You could also add other info to calcs, and use a namedtuple instead. You could also do use classes instead to evaluate the calcs dynamically as you need them, if that helps.

aquavitae
  • 17,414
  • 11
  • 63
  • 106
  • 1
    If your data structure is more-or-less global, you can reference the dictionary from your `ratio` function and just provide the keys as arguments, like `ratio('he', 'she')`. – Spen-ZAR Jan 19 '14 at 15:38
  • Thanks, looks like I am going to create a "ratio" function indeed, but I feel so lazy... " / " is so convenient :) I take it there is no way to straight away disable / substitute built in errors then ? As for the variables, I think something else could be better, (some kind of numpy array?) but not a dict, I plan on accessing feature_map by index number, and also having a logical index that tells which of those features are active to a learning algorithm – gaurwraith Jan 19 '14 at 15:44
  • Actually I have a collections.Counter for the list of words, and I calculate the ratio as ratio = Counter[he] / Counter[she]. The feature _map is to store the actual result. But yes I think this could be implemented a lot better, problem is I have no time :( – gaurwraith Jan 19 '14 at 15:49
  • Better to say there's no *sane* way of substituting errors globally. You might manage something with a clever context handler and doing frame magic but I really would not recommend it. The best approach is to code in such a way that you don't repeat code 100 times! And does it really take that long to write a 5 line function? There are many structures available for storing data. The best one depends on your usage. – aquavitae Jan 19 '14 at 15:52
  • The ratio function is a pretty good solution, thank you very much, now, regarding writing 200 times list.append(ratio(x,y)), I don't see how I could do this other way. I have 200+ calculations to do on each text, which implies different ratios, freqs of words and summations, etc. With those I have to do a data vector (the feature_map), but they need to be in order so that next text has the same features with its own values.I am doing it by calculating each measure in order, then appending it for each calculation. Maybe I could use a dictionary of functions? but how would that keep the order? – gaurwraith Jan 19 '14 at 16:12
  • Its difficult to say without seeing more of your code. If you can show a enough to give an idea of the problem I might be able to update my answer with more info. – aquavitae Jan 19 '14 at 16:20
0

If you wrap your int object in a custom subclass, you can address it once:

class SafeInt(int):
    def __div__(self, y):
        try:
            return SafeInt(super(SafeInt, self).__div__(y))
        except ZeroDivisionError:
            return SafeInt(0)

Overriding all ints:

original_int = int
int = SafeInt
int(5) / 0
# O: 0

Overriding some ints:

SafeInt(5) / 0
# O: 0

You have to be careful though about keeping the object a SafeInt. You'll notice everything I return inside __div__ is wrapped in SafeInt(). int objects being immutable, you have to explicitly return a new SafeInt object every time. Which means you probably need to make a decorator that each function in SafeInt() to ensure that. I leave that as an exercise to the reader!

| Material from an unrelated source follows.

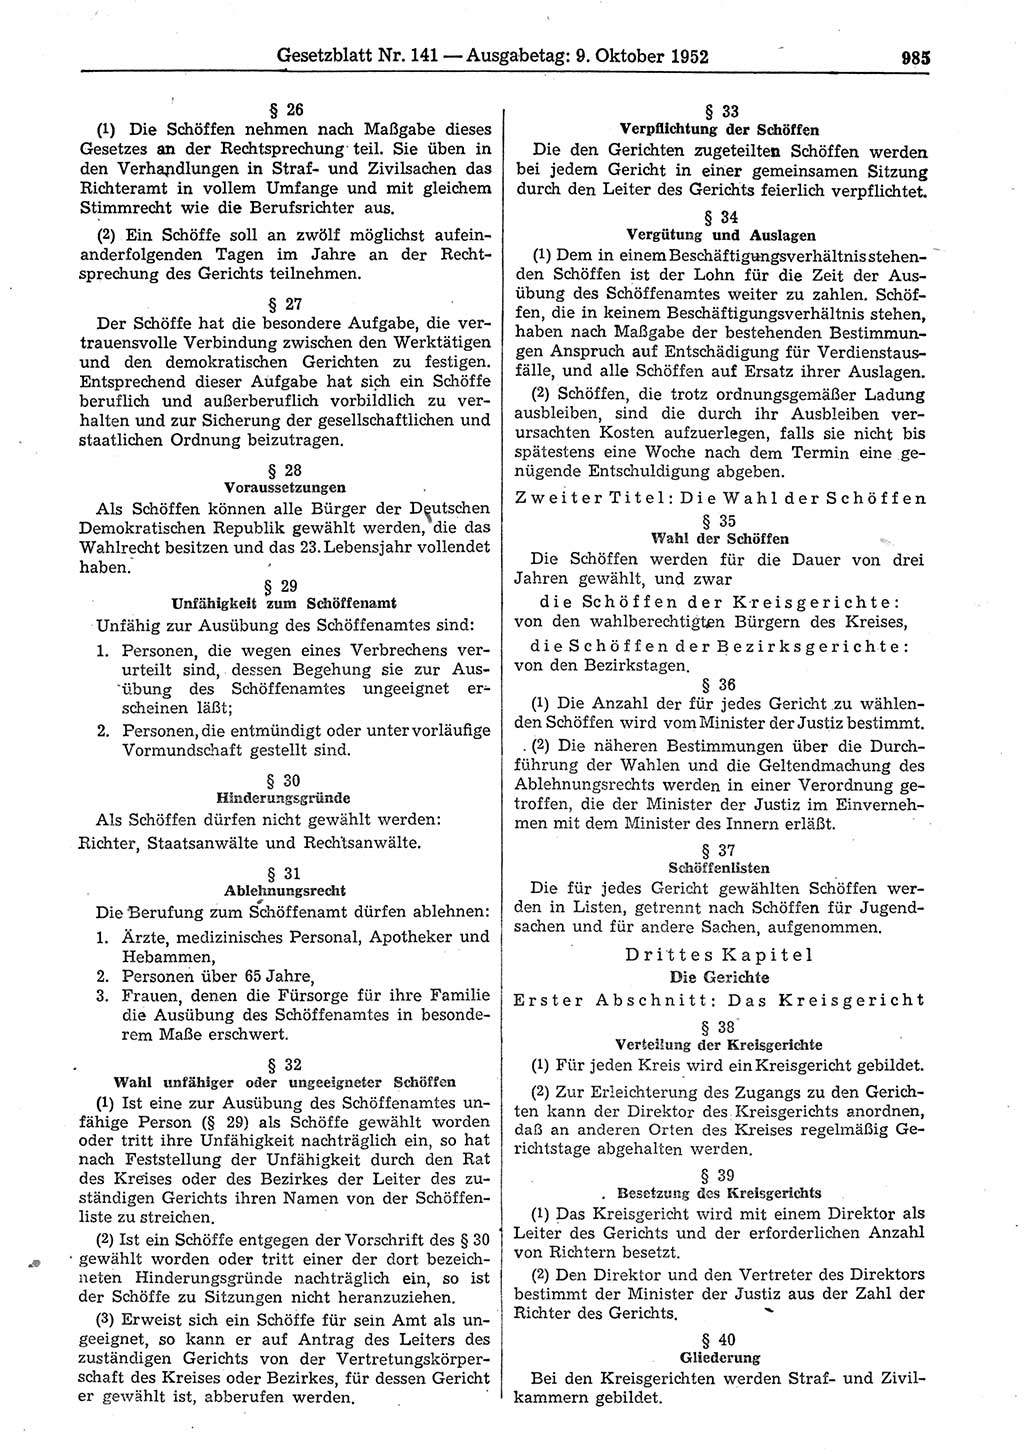 Gesetzblatt (GBl.) der Deutschen Demokratischen Republik (DDR) 1952, Seite 985 (GBl. DDR 1952, S. 985)
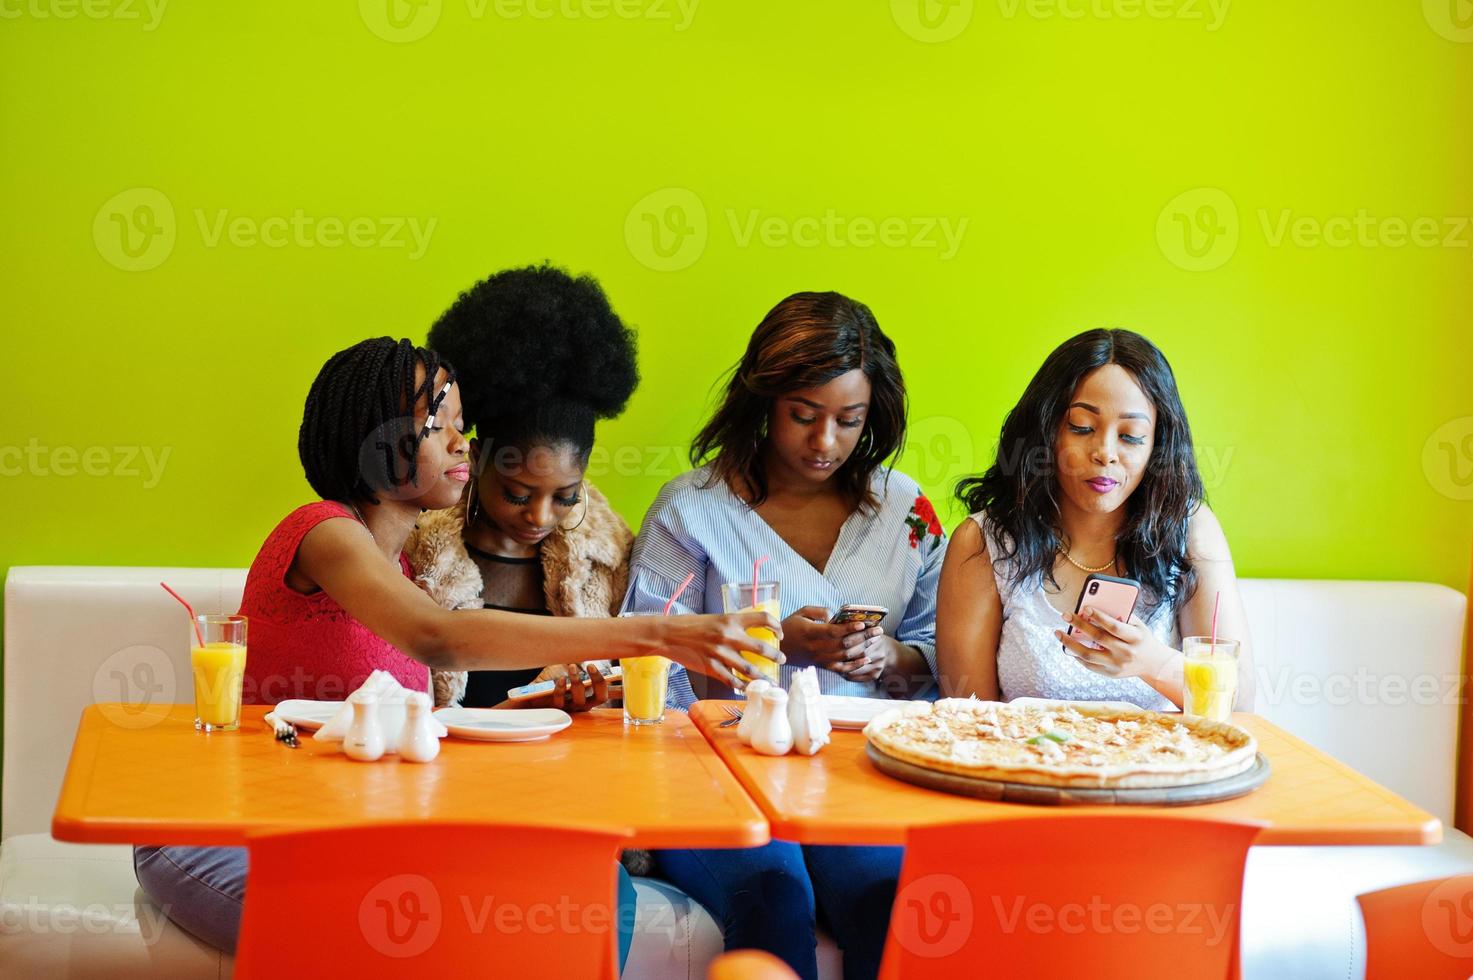 cuatro jóvenes africanas en un restaurante de comida rápida de colores brillantes haciendo fotos de pizza en sus teléfonos móviles.

Otherwise you'll end up with this:

>>> SafeInt(5) / 0
0   # this is a SafeInt object
>>> _ / 0
0   # this is a SafeInt object; no error
>>> SafeInt(5) + 0
5   # this is a basic int object
>>> _ / 0
Traceback (most recent call last):
  File "<stdin>", line 1, in <module>
ZeroDivisionError: integer division or modulo by zero

One final note: you can pass SafeInt as the argument to defaultdict to make all members SafeInt!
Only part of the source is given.